Changes in dog bite law hoped to reduce dog bite injuries
The Dog Control Bill will reach the final stage in the House of Lords after the summer recess and will then go to the House of Commons for further consideration. The Bill will make changes to the Dangerous Dogs Act 1991, which focuses on banning certain breeds. Under the new Bill, notices will be issued to dog owners at an early stage of problematic behaviour. The focus will shift more to responsible ownership and the idea that any dog can be aggressive if not properly controlled. It is hoped that the new Bill will result in fewer dog bite injuries.
A crown court judge was arrested earlier this month after a man claimed that he had been bitten by one of her two Alsatians. She had previously been fined £2,500 in December for failing to keep her dogs under control. They had attacked her neighbour’s son as he sunbathed in the garden. In April, a postman was bitten on the leg and Royal Mail suspended deliveries to her house. The dogs have been removed to kennels and a decision will be made as to whether to press charges.
In another incident, two men, aged 19 and 20 were sentenced to five years imprisonment last year. Their two dogs attacked three police officers. One police officer suffered bite wounds to his right leg, knee and arm. He has been left with permanent scarring. Two other officers who came to his assistance were also bitten. The judge who sentenced the two men said that, “this is a type of offence which is causing increasing, legitimate concern in the public.” The two men were banned from keeping any dog for 10 years, in addition to their prison sentences and the two dogs in question were put to sleep.
Dog bite law is currently undergoing changes. The Dog Control Bill passed the report stage in the House of Lords earlier this month. Under the new Bill, dog control notices will address problematic behaviour at an early stage, no matter what breed the dog involved is. The notices will focus on owners’ responsibility rather than particular breeds. The Bill will reach the final stage in the House of Lords after the summer recess and will then move to the House of Commons for further consideration.
Current dog bite law bans certain breeds as dangerous. These breeds include the Pit Bull Terrier, the Japanese Tosa, the Dogo Argentino and Fila Braziliero. It is illegal to breed from, sell, abandon or give away a banned dog. A dog that is suspected to be a banned breed can be seized by the police or dog warden. It is possible to have a dog that is a banned breed put on the Index of Exempted Dogs as long as certain conditions are met, including that the dog is neutered and insured against injuring other people.
A spokesperson from the Kennel Club has said of the new Bill, “Bull breeds and Pit Bull Terriers in general are the very victims of their own loyal nature. These dogs are used for fighting because of their extreme loyalty and willingness to do anything for their owner… This loyalty also means that in other countries pit bulls and other bull breeds are used as search and rescue dogs, assistance dogs and guide dogs – yet in this country they can be destroyed just for being of a ‘type’.”

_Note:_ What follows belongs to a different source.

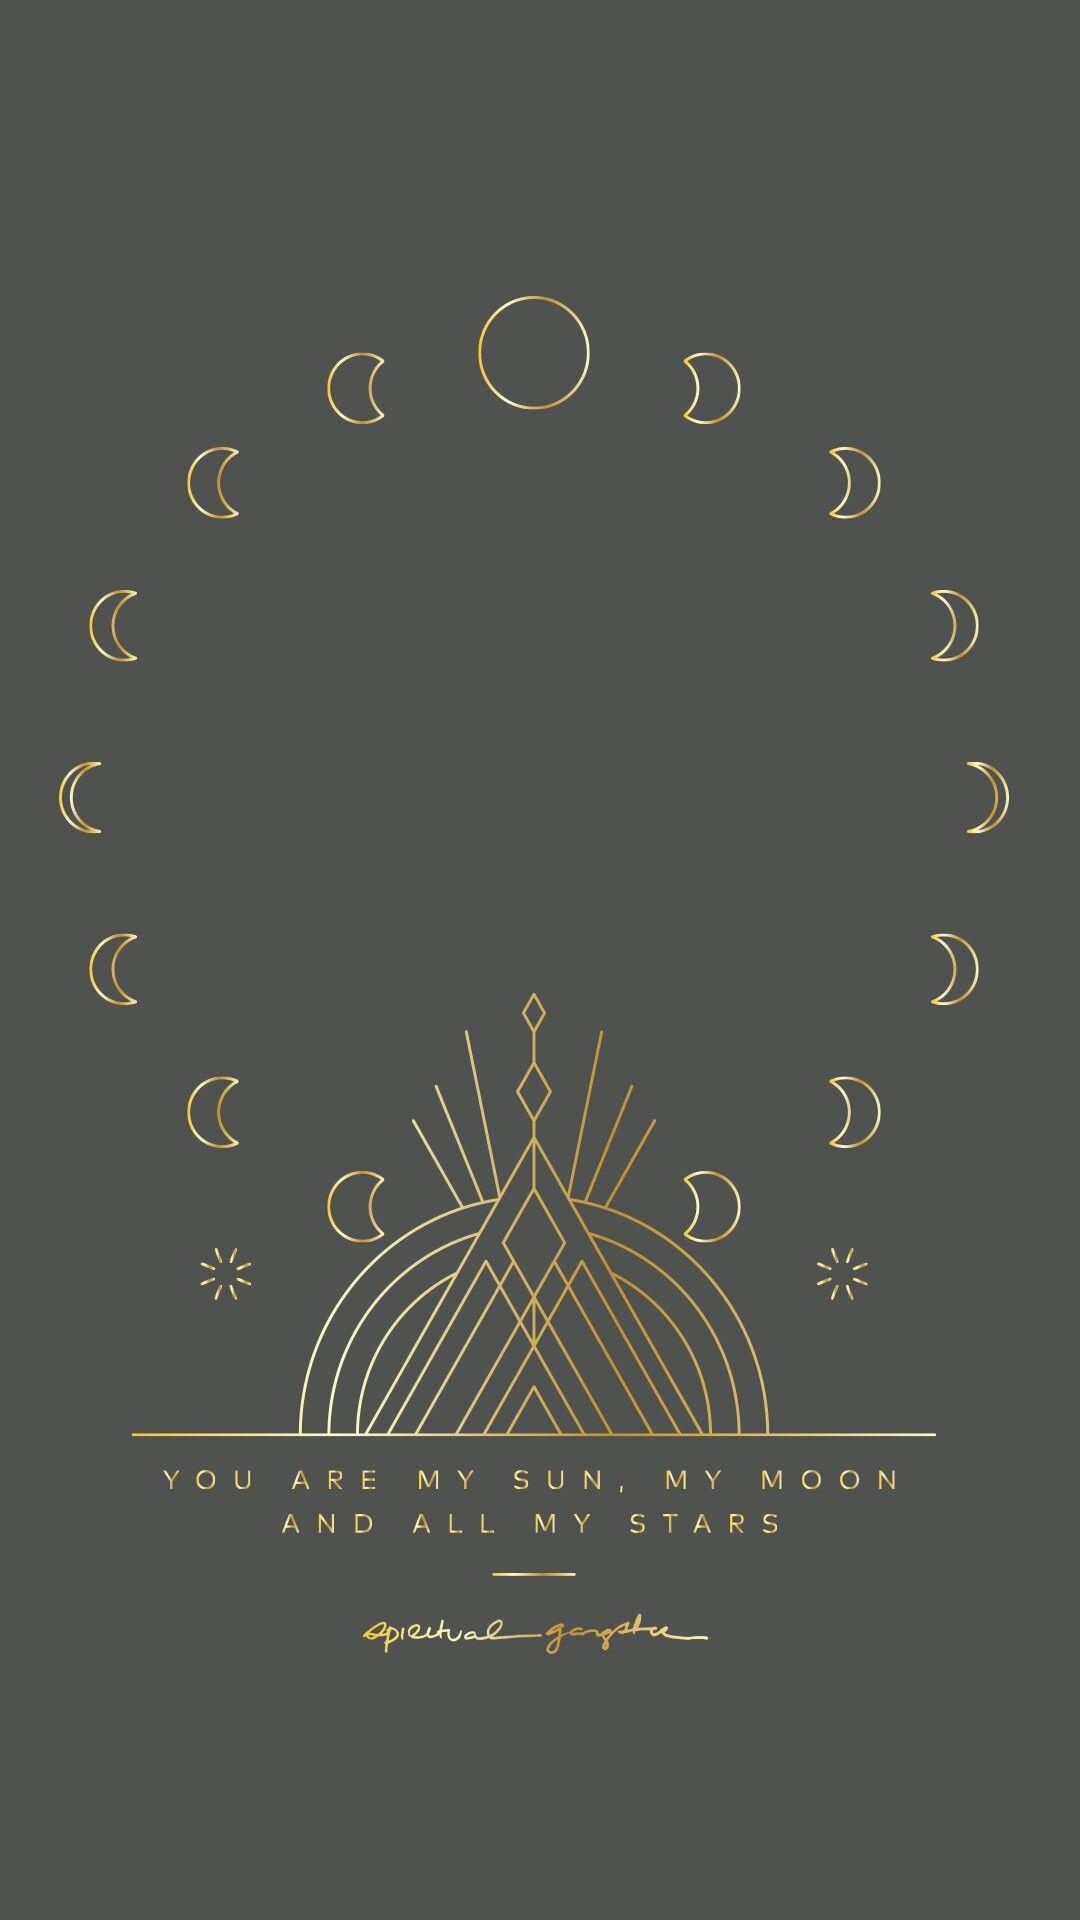 Pin By S T E P H S S T U D I O On Wallpaper Witchy Wallpaper Spiritual Wallpaper Hippie Wallpaper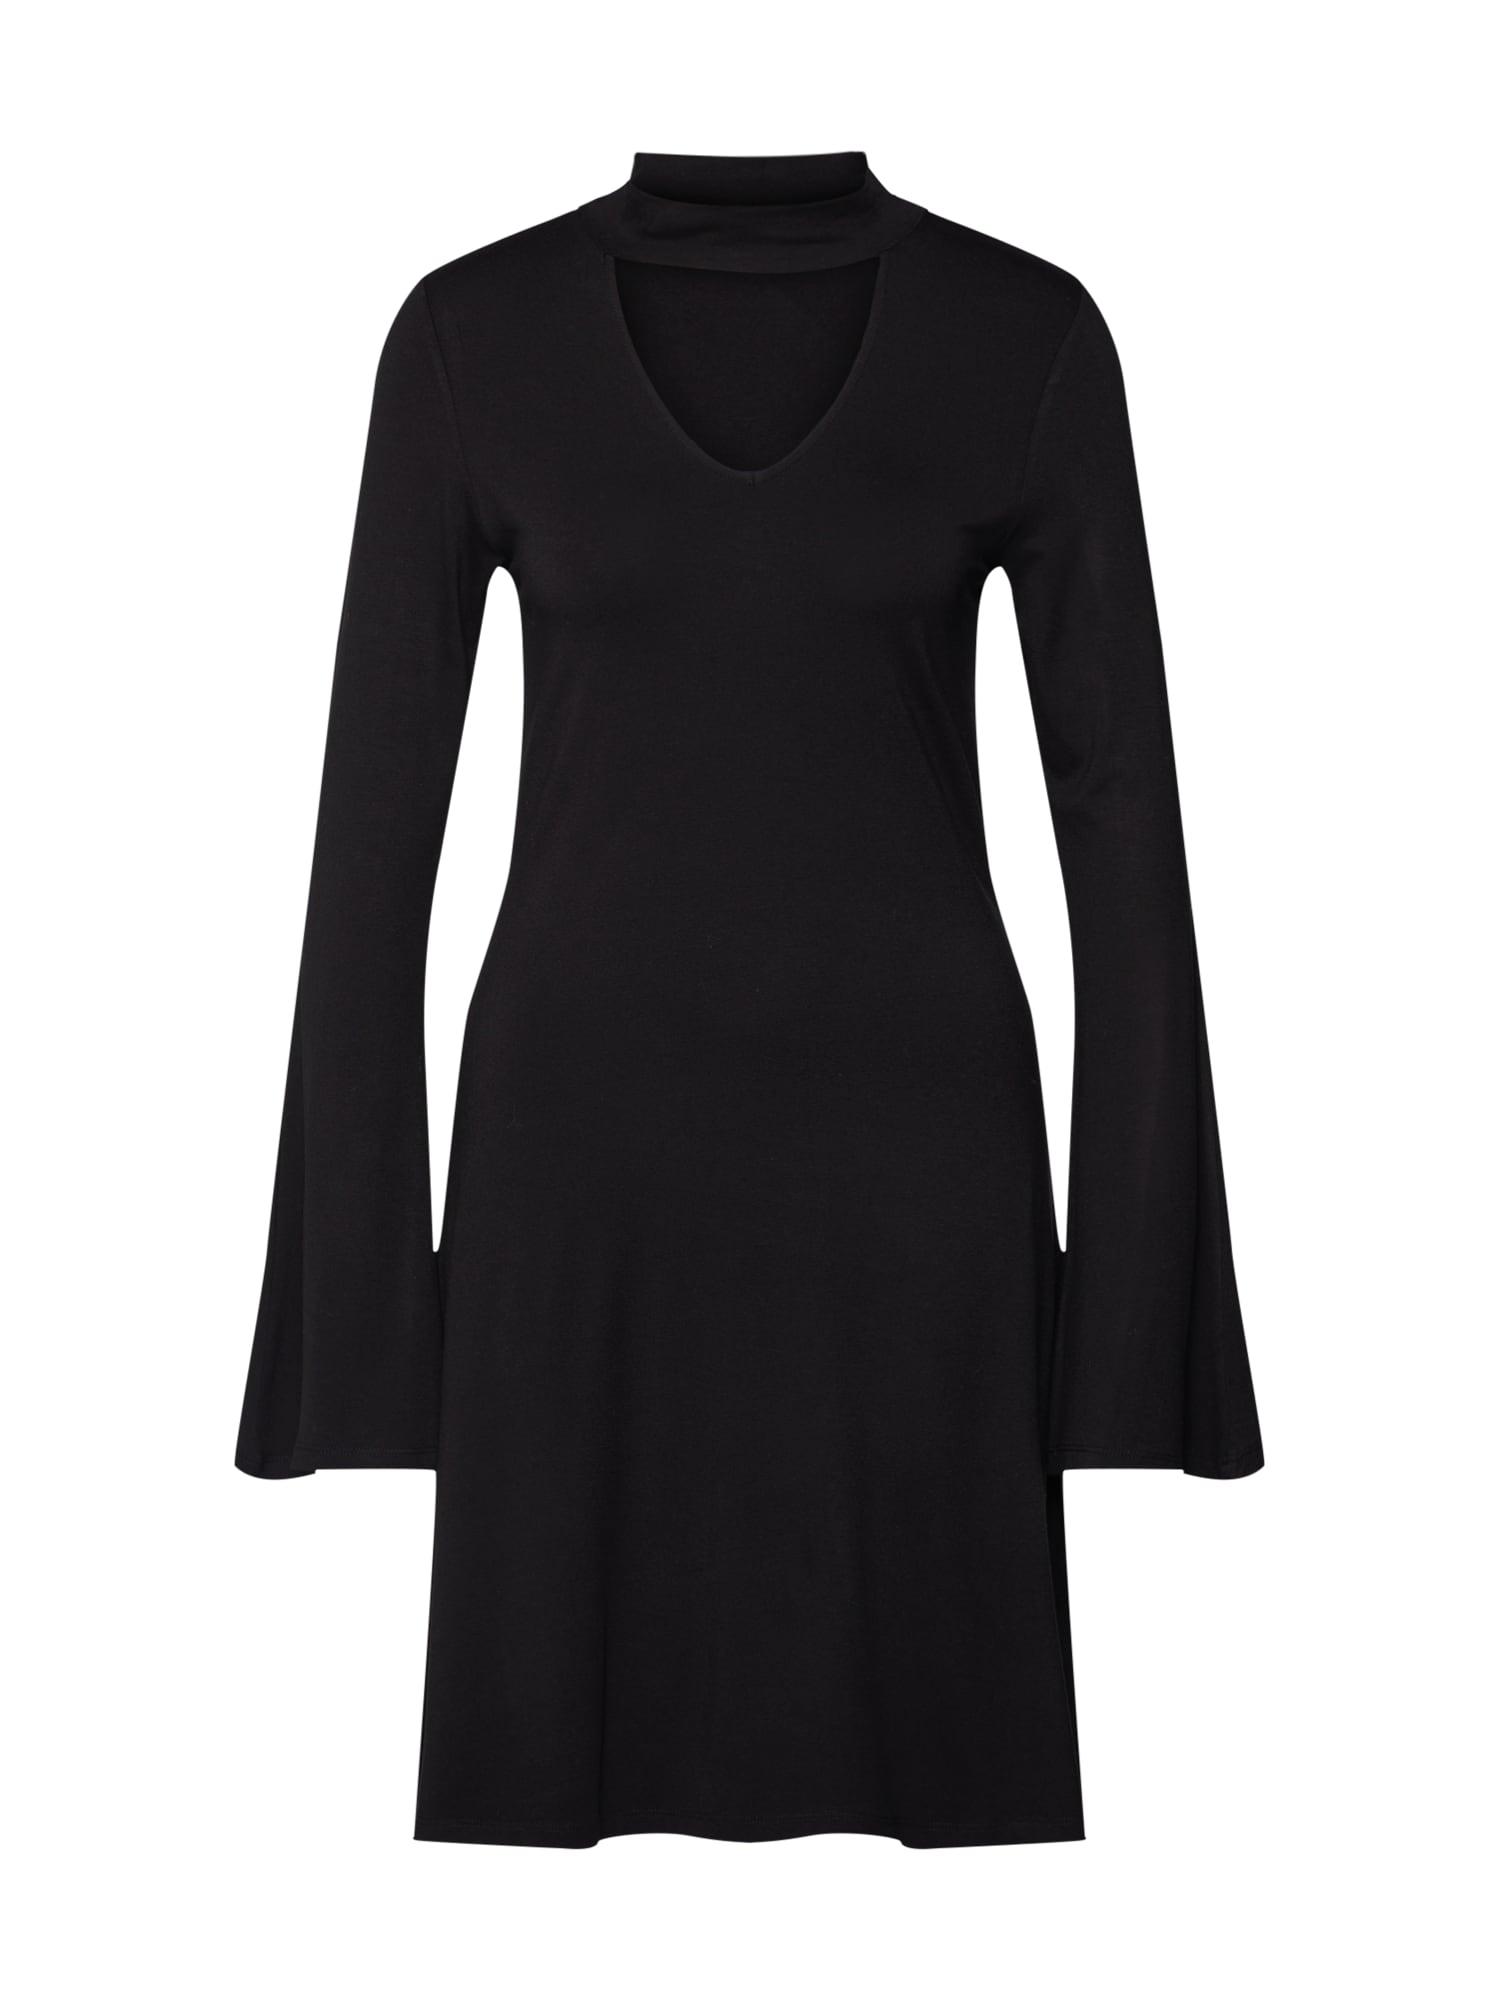 Šaty NuF_074 černá NADEL U FADEN

Lord Redesdale, who introduced the Bill said, “Banning the Pit Bull Terrier in 1991 was a huge mistake… Doing away with breed specific legislation would remove the ‘cachet’ that these dogs currently have and focus on the real problem at the other end of the lead.” Any dog, no matter what breed, can be well behaved and safe to be around or can be dangerous and at risk of biting. A major factor in dog behaviour is owner behaviour and whether the dog is properly trained and controlled. Being violent towards a dog is likely to encourage the dog to be aggressive, as well as encouraging the dog to be violent towards others.
Some dogs, particularly Staffordshire Bull Terriers, are often used as weapons, particularly in gang conflicts. Because of the width of their jaws, Staffordshire Bull Terriers can exert a huge amount of pressure in their bite. Certain breeds, such as the Mastiff, can exert nearly as much pressure in their bite as a lion. When trained to attack on command, a dog like this can prove a dangerous weapon. Around 225,000 people attend a minor injury or A&E department every year as a result of dog bites. Most of these attacks are from dogs that they know. Admissions to hospital as a result of dog bites stood at 5,800 in 2009/10 and in 2008, there were four fatalities.
There are different types of dog aggression. Dominance aggression is a struggle for dominance. Careful and firm handling from an early age can combat this. Territorial aggression can occur when a dog sees a certain area as his territory. This can cause particular problems for postmen, who may be seen as strangers entering this territory. Fear based aggression can either be as a result of temperament or mistreatment and occurs when a dog is frightened. Predatorial aggression occurs when a dog perceives something as its prey, which could include a running child.
It is hoped that the new Dog Control Bill will address some of the issues of dog handling that lead to dog bites and that incidents will be reduced.